Step1: Assume 100g of the compound

Assume the mass of the compound is 100g. Then there are 69.94g of Fe and 30.06g of O.

Step2: Calculate the moles of each element

The molar - mass of Fe is $M_{Fe}=55.85g/mol$, and the molar - mass of O is $M_{O}=16.00g/mol$.
The number of moles of Fe, $n_{Fe}=\frac{m_{Fe}}{M_{Fe}}=\frac{69.94g}{55.85g/mol}\approx1.25mol$.
The number of moles of O, $n_{O}=\frac{m_{O}}{M_{O}}=\frac{30.06g}{16.00g/mol}\approx1.88mol$.

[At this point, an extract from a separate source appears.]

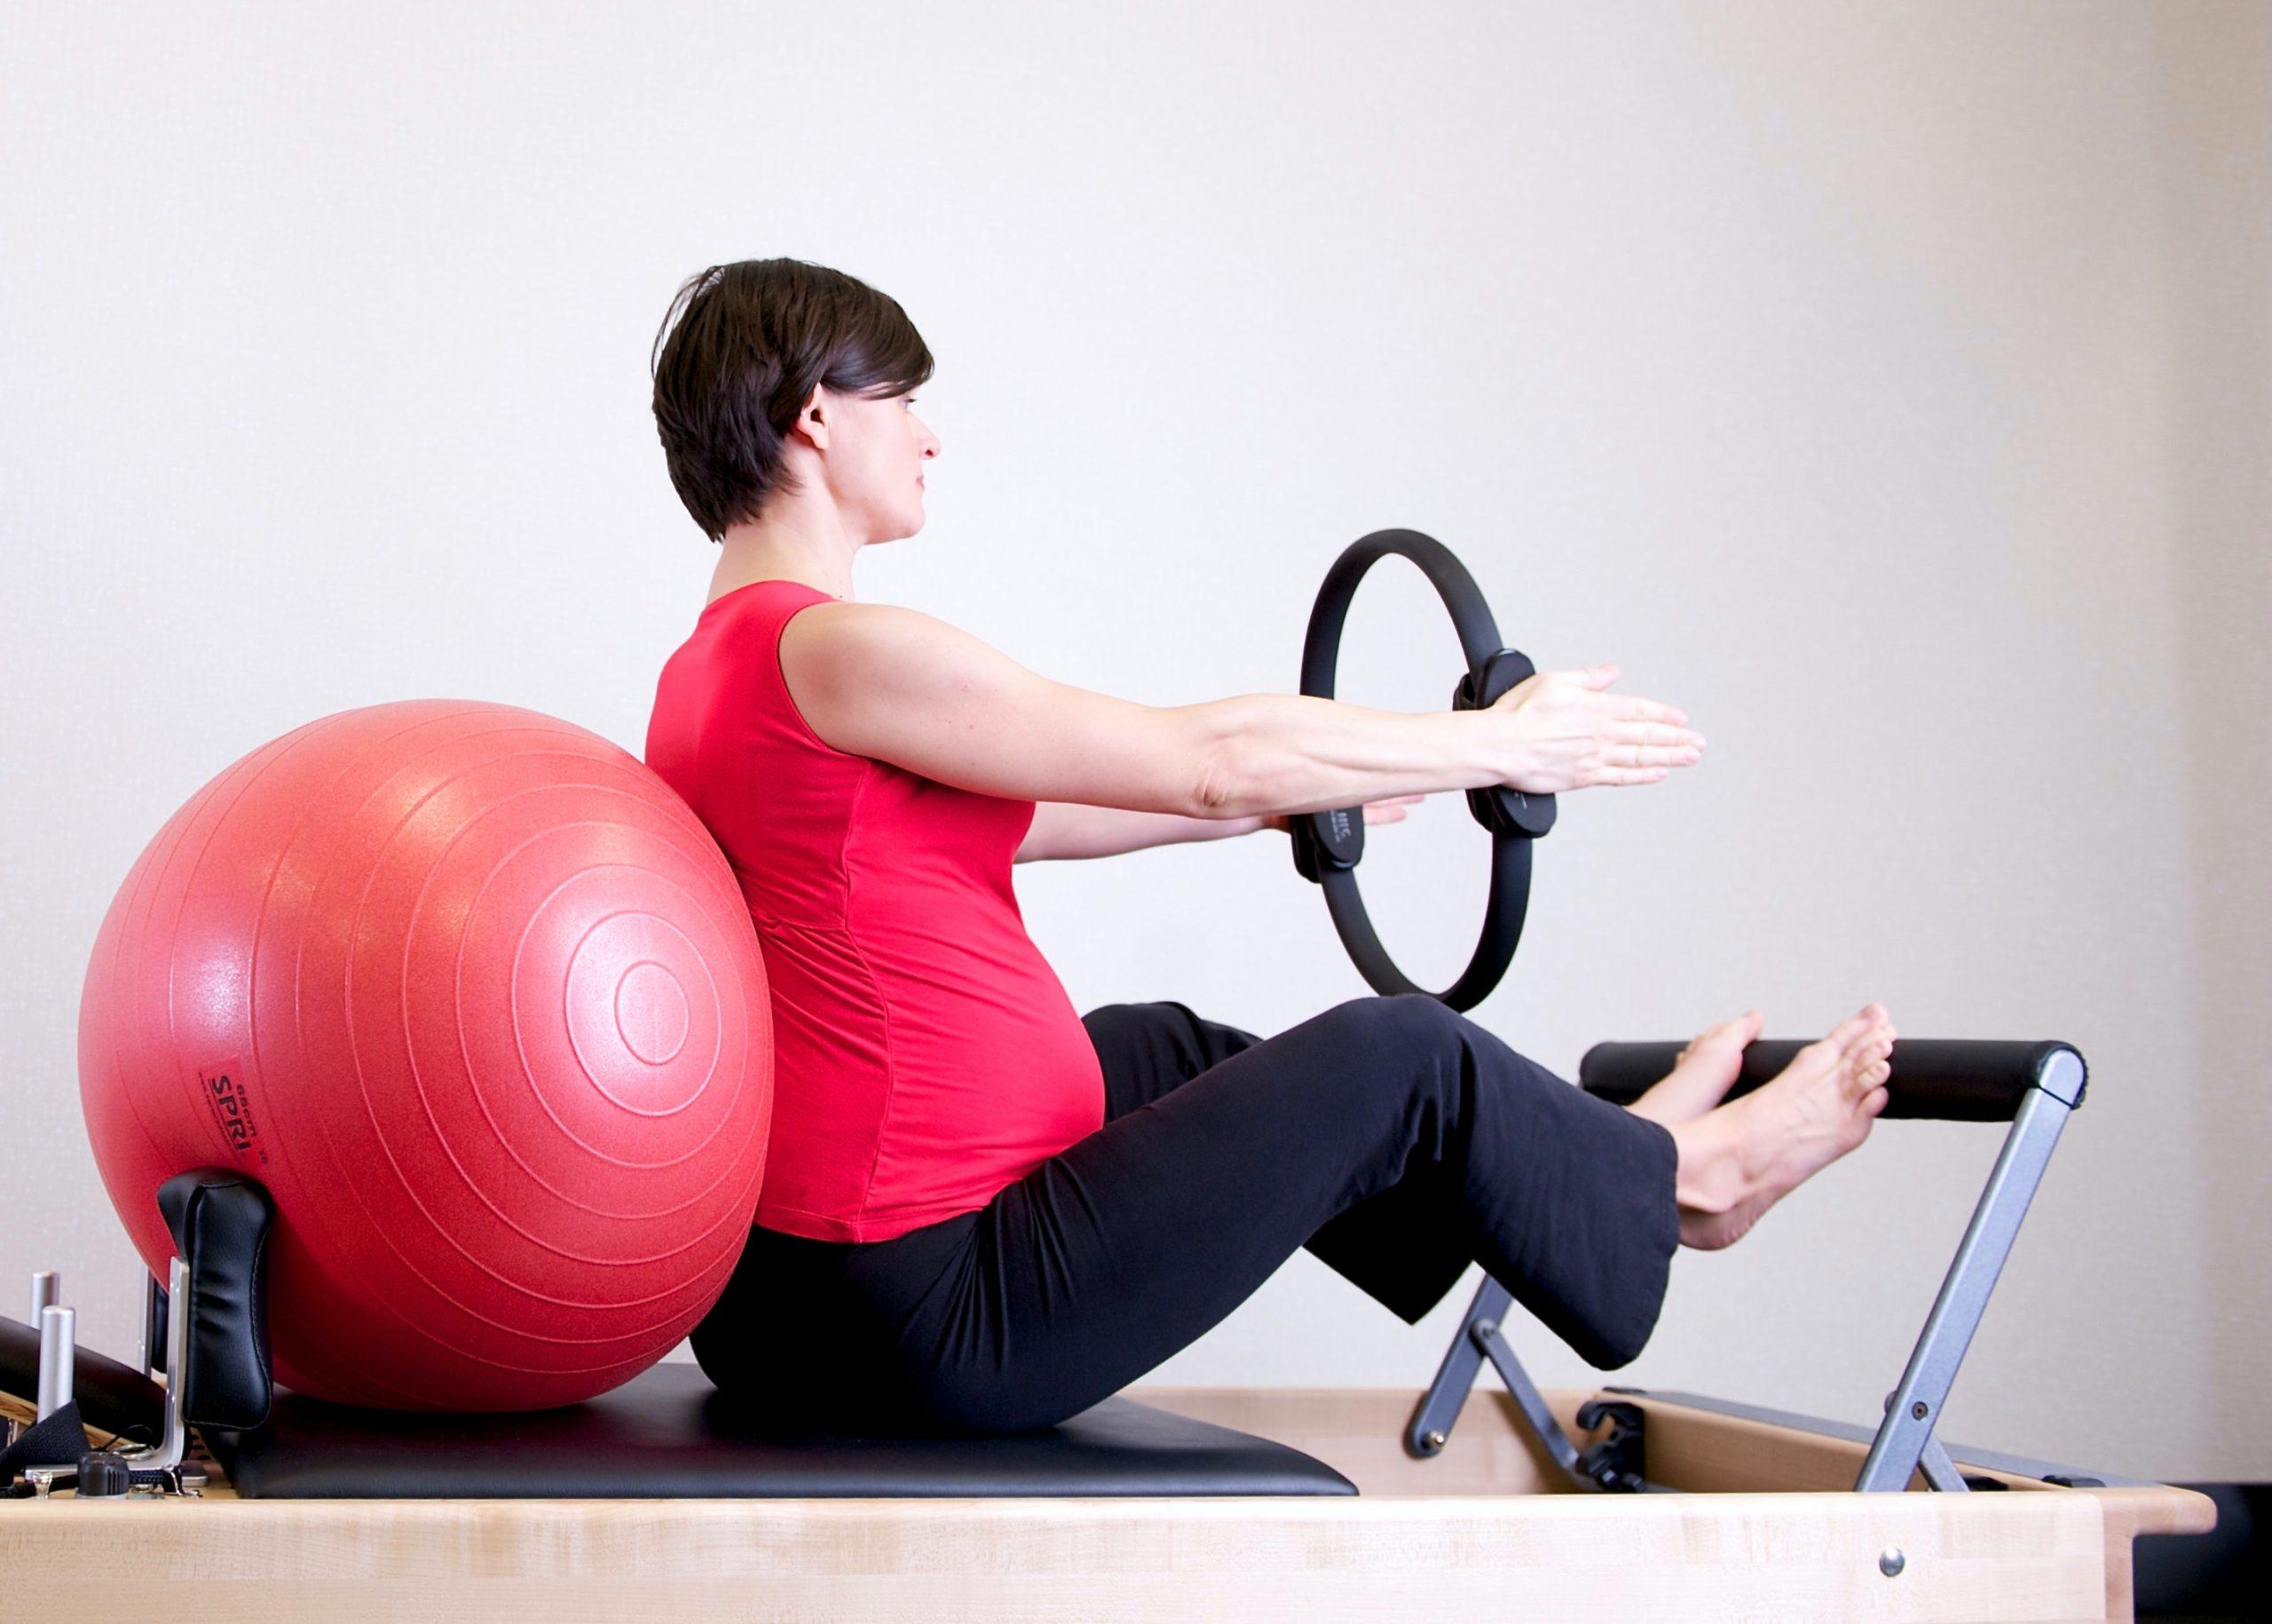 Imagem de uma mulher grávida fazendo pilates.

Step3: Find the mole - ratio

Divide each number of moles by the smaller number of moles. Here, the smaller number of moles is 1.25mol.
The mole - ratio of Fe: $r_{Fe}=\frac{1.25mol}{1.25mol}=1$.
The mole - ratio of O: $r_{O}=\frac{1.88mol}{1.25mol}\approx1.5$.
Since we need whole - number ratios, multiply both ratios by 2 to get whole numbers.
The mole - ratio of Fe: $r_{Fe}=2$.
The mole - ratio of O: $r_{O}=3$.

Answer:

$Fe_2O_3$